Common injuries and how to prevent them
Many of the sports we love are of a repetitive high impact nature so injuries are all too common.
So we can continue to enjoy our sport it’s important to remember that it is easier to prevent injury than to treat it .
Here, therefore, are some tips to keep you fit as well as some general recommendations should things go wrong.
Now I’m no expert in biomechanics but I do know that pronotion, the three dimensional roll of the foot, puts a lot of extra pressure on the joints and can lead to injuries such a shin splints, runner’s knee and heel pain (plantar fascilitis).
Having the right footwear is key. We use Footdisc to assess your foot type and gait and can advise on whether you may need trainers which offer a little more cushioning support or guidance and/or shock absorbing insoles or heel pads.
Blisters can also stop you training so help to prevent them by choosing high wicking socks that pull the moisture away from the foot (five times quicker than a cotton sock). We highly recommend Hilly TwinSkin as they help prevent friction, too.
Over training is another danger. Progress gradually by a maximum of 10% a week and take it easier every fourth week – rest and sleep are an important part of training.
Make sure you stretch before you exercise and warm down afterwards.
And mix up your training sessions to work different muscle groups rather than putting strain on the same areas all the time. Consider investing in a foam roller – many athletes swear by them which is why we stock Fitness Mad products.
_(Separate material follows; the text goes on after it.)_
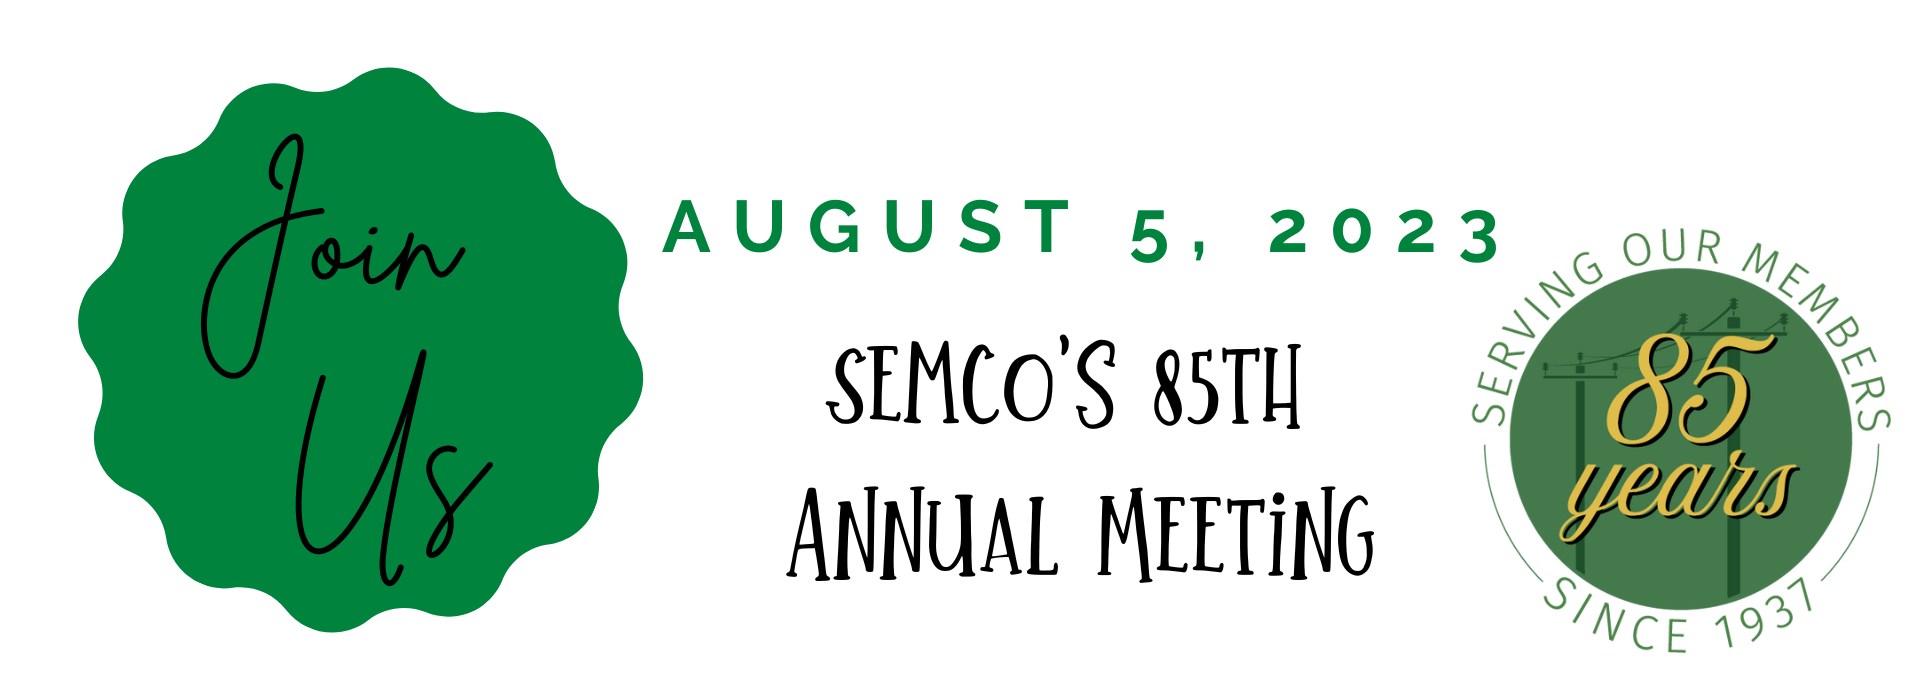 Join Us - SEMCO 85th Annual Meeting

Another tip, if you’ve had injuries in the past, is to continue to do the rehab exercises you were given to prevent a reoccurance.
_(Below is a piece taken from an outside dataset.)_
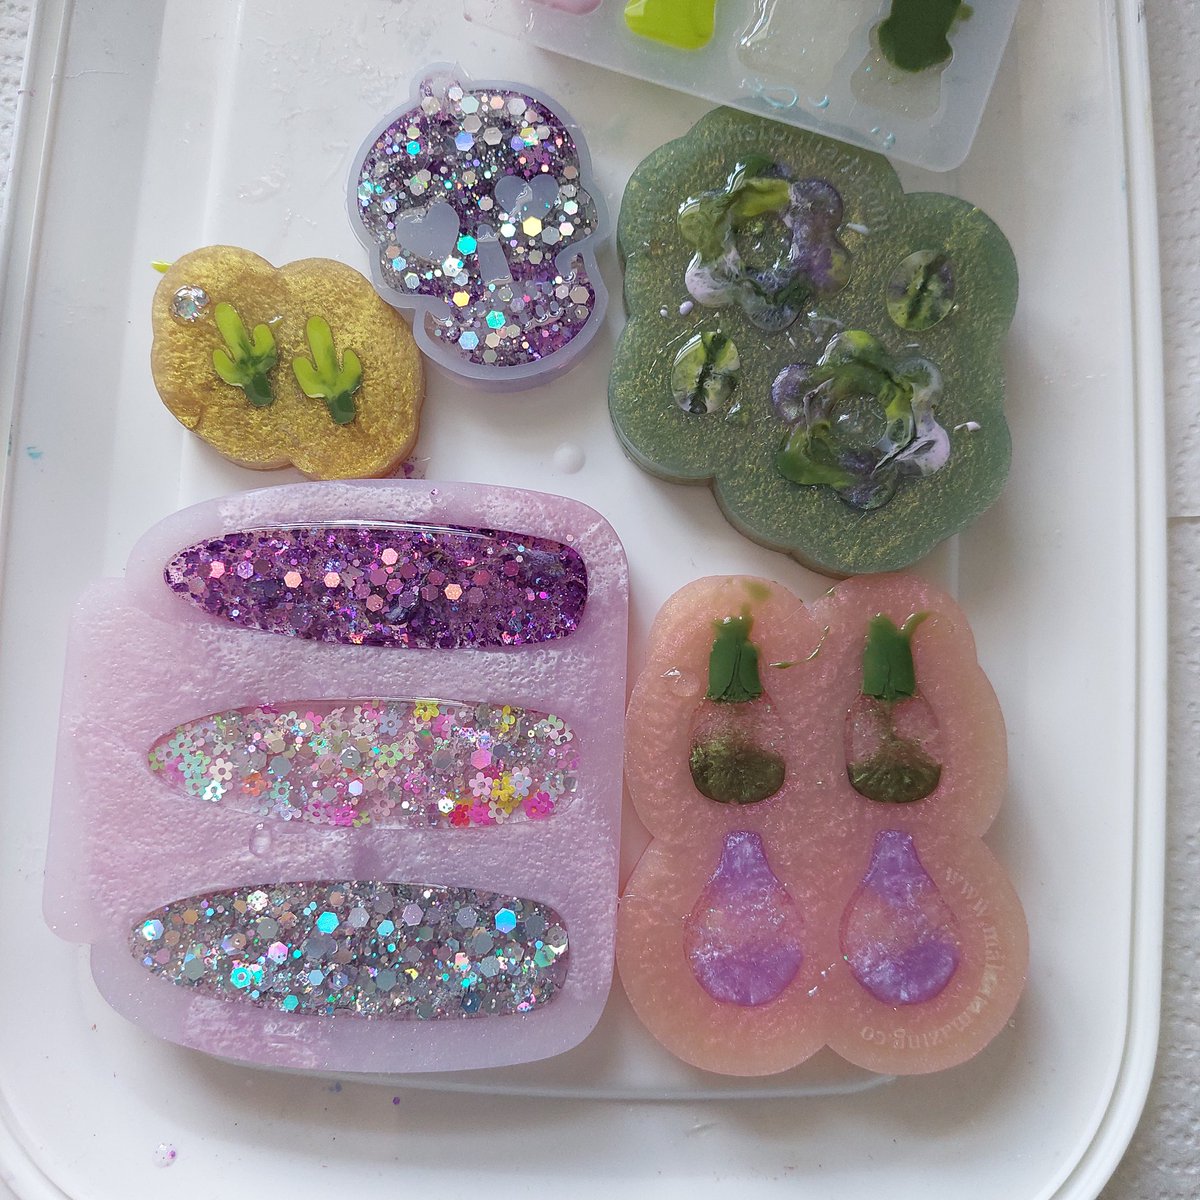 The sun has inspired me to make some super glittery pieces! And some cute little cacti earrings 😍 #MHHSBD #resin #ResinCreations

Sports massage can also help. It can release tension and restore balance to muscles, accelerate recovery after training and help keep you injury-free.
But if you do get injured think RICE – rest, ice, compression and elevation – depending on the injury, and then rehabilitation which may require working on your core strength, stretching and massage. Cross train – swimming and cycling are excellent – until you are pain free before resuming your normal training.
If problems persist, do get professional advice as you’ll want to get back to what you enjoy sooner rather than later for your own quality of life. I’ve heard good things of Latham House, Melton Foot Clinic, sports massage therapist Graham Spencer and Melton Mowbray Physio and Sports Injury Clinic but do ask around for recommendations.